The evening had the sensation of a dream she would not remember in the morning. Trapped in the endless repetition, she shook the callused palms of men who still milked cows by hand, and accepted the scented, too-soft cheeks of their wives against her own.

“He was a good man. Only the Lord knows why his time came so soon.”

“Called home. He’s with the Savior now.”

“He looks real natural.”

She hadn’t looked at the body and couldn’t contemplate it. She could not really think it was in there, not his body, the great perfect table of his stomach on which she could lay down her head like a sleepy schoolchild; that energy of his that she had learned to crave and move to like an old tune inside her that she’d never known how to sing before Cole. His hands on her bare back, his mouth that drew her in like a nectar guide on a flower—these things of Cole’s she would never have again in her life. She opened her eyes for fear she would fall into the darkness. A tiny old woman was there, kneeling in front of her, startling Lusa by putting both hands very firmly on her knees.
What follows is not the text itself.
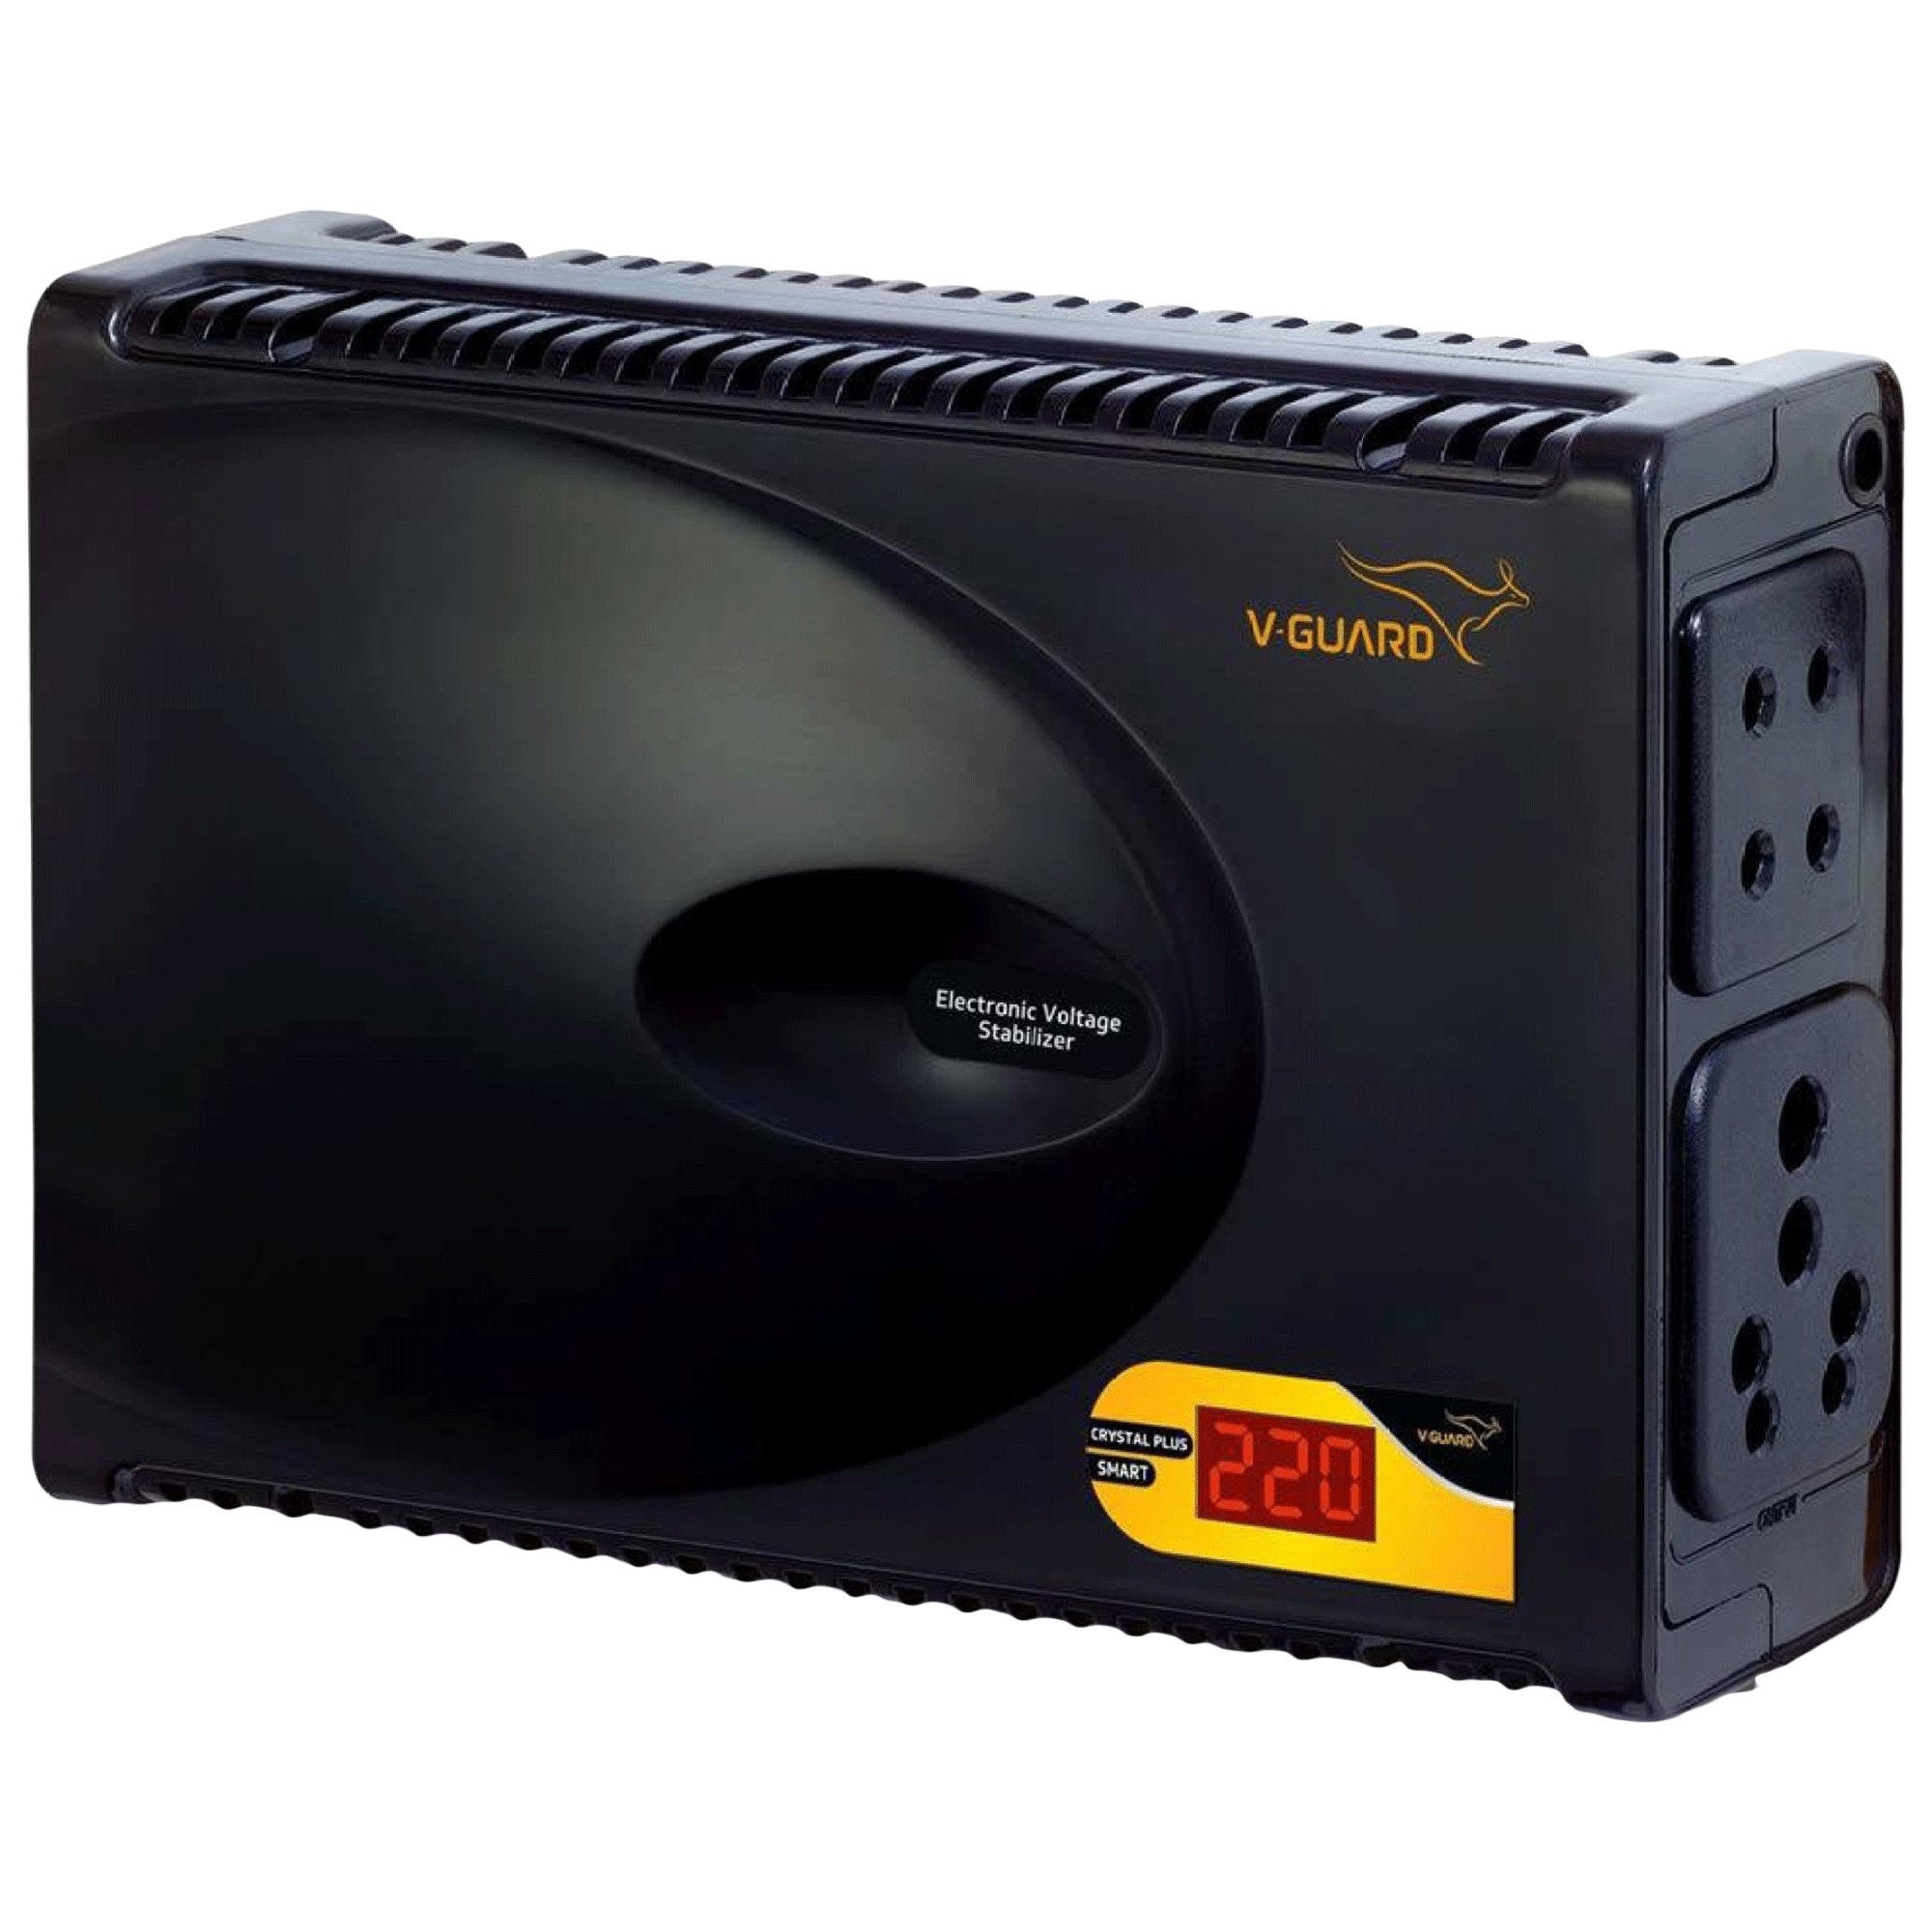 V-Guard Crystal Plus Smart 3 Amps Voltage Stabilizer For 47 Inch Smart LED Television (90 - 290V, Built-in Thermal Overload Protection, Black)_1

“You don’t know me,” she whispered, almost fiercely. “I have an orchard a mile up the road from your farm. I’ve known Cole Widener since he was a little boy. He used to come play with my daughter. I’d let him steal apples.”

“Oh,” Lusa said. “Thank you.”

The woman looked upward and blinked as if she were listening for a moment. Her eyes were very deep brown, surrounded by pale lashes, and she wore her gray hair in a crown of braids wrapped around her head, like someone from another country or another time. “I lost a child,” she said, meeting Lusa’s eyes directly. “I thought I wouldn’t live through it. But you do. You learn to love the place somebody leaves behind for you.”

She released Lusa’s knees and grasped her hands instead, holding them tightly for a few seconds before ducking away. Her grip had felt so cool and strong on Lusa’s listless fingers, and so fleeting. As the woman went out the door Lusa caught sight of her calico skirt swinging to the side, like a curtain closing.

Sometime after nine o’clock, Mary Edna began to insist that Lusa go home. Herb could take her, she suggested, and then come back to wait out the evening with the rest of the family. Or someone else could do it—there was a volunteer, a Widener cousin, who would stay with her so she wouldn’t have to be alone in the house until the others got there.

“But why should I go home if you’re all still staying?” Lusa asked, as muddled as a child. And then, like a muddled child who senses she’s being wronged, she pushed her faltering will into a dogged single-mindedness. She told Mary Edna she would stay here till the end, until the last person had said good-bye to Cole and left this room. She would see the back of Herb Goins’s bald head and the hind ends of Mary Edna, Lois, Jewel, Emaline, and Hannie-Mavis pass through that door, and then she would kiss her husband good-bye. She didn’t think about Cole’s body or anything else as she declared her intention to stay. She just repeated it, more angrily each time, until she made it come true.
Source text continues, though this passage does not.